快速数字影像重建的2维/3维医学图像配准

目的 针对2D/3D医学图像配准过程中数字影像重建技术(DRR)生成图像和相似性程度测量两个步骤计算量大、耗时较长这一问题,提出了一种基于Bresenham直线生成算法改进的模式强度与梯度相结合的混合配准算法.方法 首先利用Bresenham直线生成算法原理改进传统光线投射算法(Ray-Casting),完成DRR图像的生成;其次模式强度与梯度相结合并引入多分辨率策略来降低相似性测度的计算复杂度;最终利用改进的鲍威尔优化算法对参数进行优化,完成整个配准过程.结果 实验结果表明,改进的混合配准算法与基于相关系数、互信息和模式强度的配准算法相比,配准效率大幅提升.模拟配准实验和临床配准实验完成时间分别为76.2 s和64.9 s,比传统配准算法效率提升3~6倍.结论 提出的算法在保证配准精度和高鲁棒性的前提下,大幅度地提高了2D/3D医学图像配准算法的运算速度,可以满足临床上精确引导手术进行的实时性要求.
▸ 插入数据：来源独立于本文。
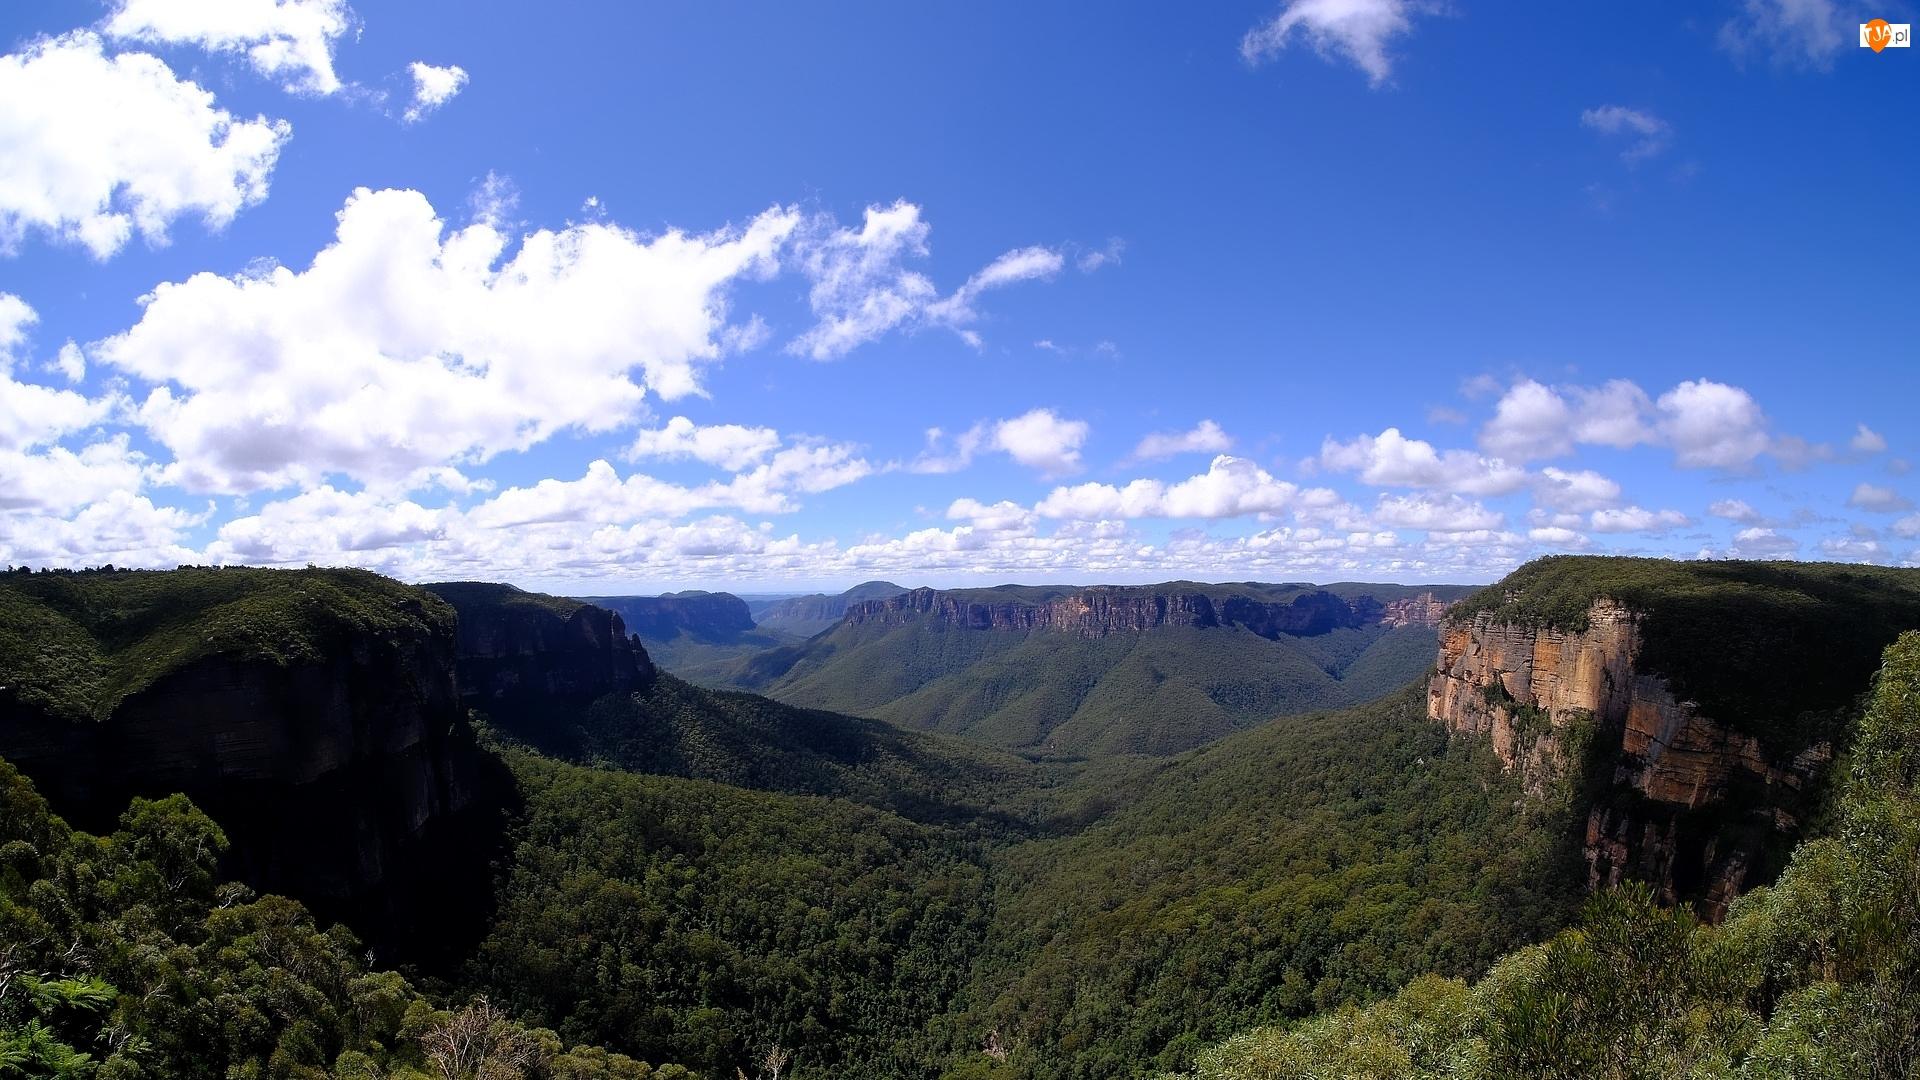 Roślinność, Niebo, Australia, Góry Błękitne, Nowa Południowa Walia, Park Narodowy Gór Błękitnych, Chmury

The 2D/3D medical image registration algorithm based on rapid digital image reconstruction

Objective To overcome existing problems in generating digitallg reconstructed radiongrapl (DRR) and to measure the similarity needed for large computations in the process of 2D/3D medical image registration, a hybrid registration algorithm was proposed. This algorithm combines pattern intensity with gradient on the basis of the Bresenham line generation algorithm. Method First, the space coordinate system, in which the position of the virtual point light source, 3D volume data, and projection panel can be determined, is established. Second, virtual point light source emits virtual light and the light passes through volume data. The DRR image can be obtained by computing the gray value of points projected by every virtual ray to the image panel via the ray-casting algorithm, which is an enhancement of the Bresenham line generation algorithm. Third, the registration components, including interpolator, space transformation component, optimizer, and pyramid filter, are instantiated. The pyramid filter is initialized such that the number of layers and shrinkage factor of each layer are set. Fourth, the reference image and floating image are processed separately into different resolution sequence images and image pyramids. The image resolution increases from top to bottom in the two pyramids. The arranged images in a pyramid correspond to those of another pyramid. The transformation parameters are calculated by the improved mode intensity measure, and the optimal transformation parameters are obtained by the improved Powell algorithm. The above process will be executed circularly until the image registration is complete. Result The experimental results show that compared with an algorithm based on correlation coefficient, mutual information, and pattern intensity, the proposed method shows a substantial increase in registration efficiency. The completion time of the simulated registration experiment and clinical registration experiment are 76.2 s and 64.9 s, respectively. The proposed method increases efficiency by 3~6 times compared with the traditional registration algorithm. Conclusion The hybrid algorithm not only has strong robustness and high clinical requirement accuracy but also significantly reduces the time required for registration.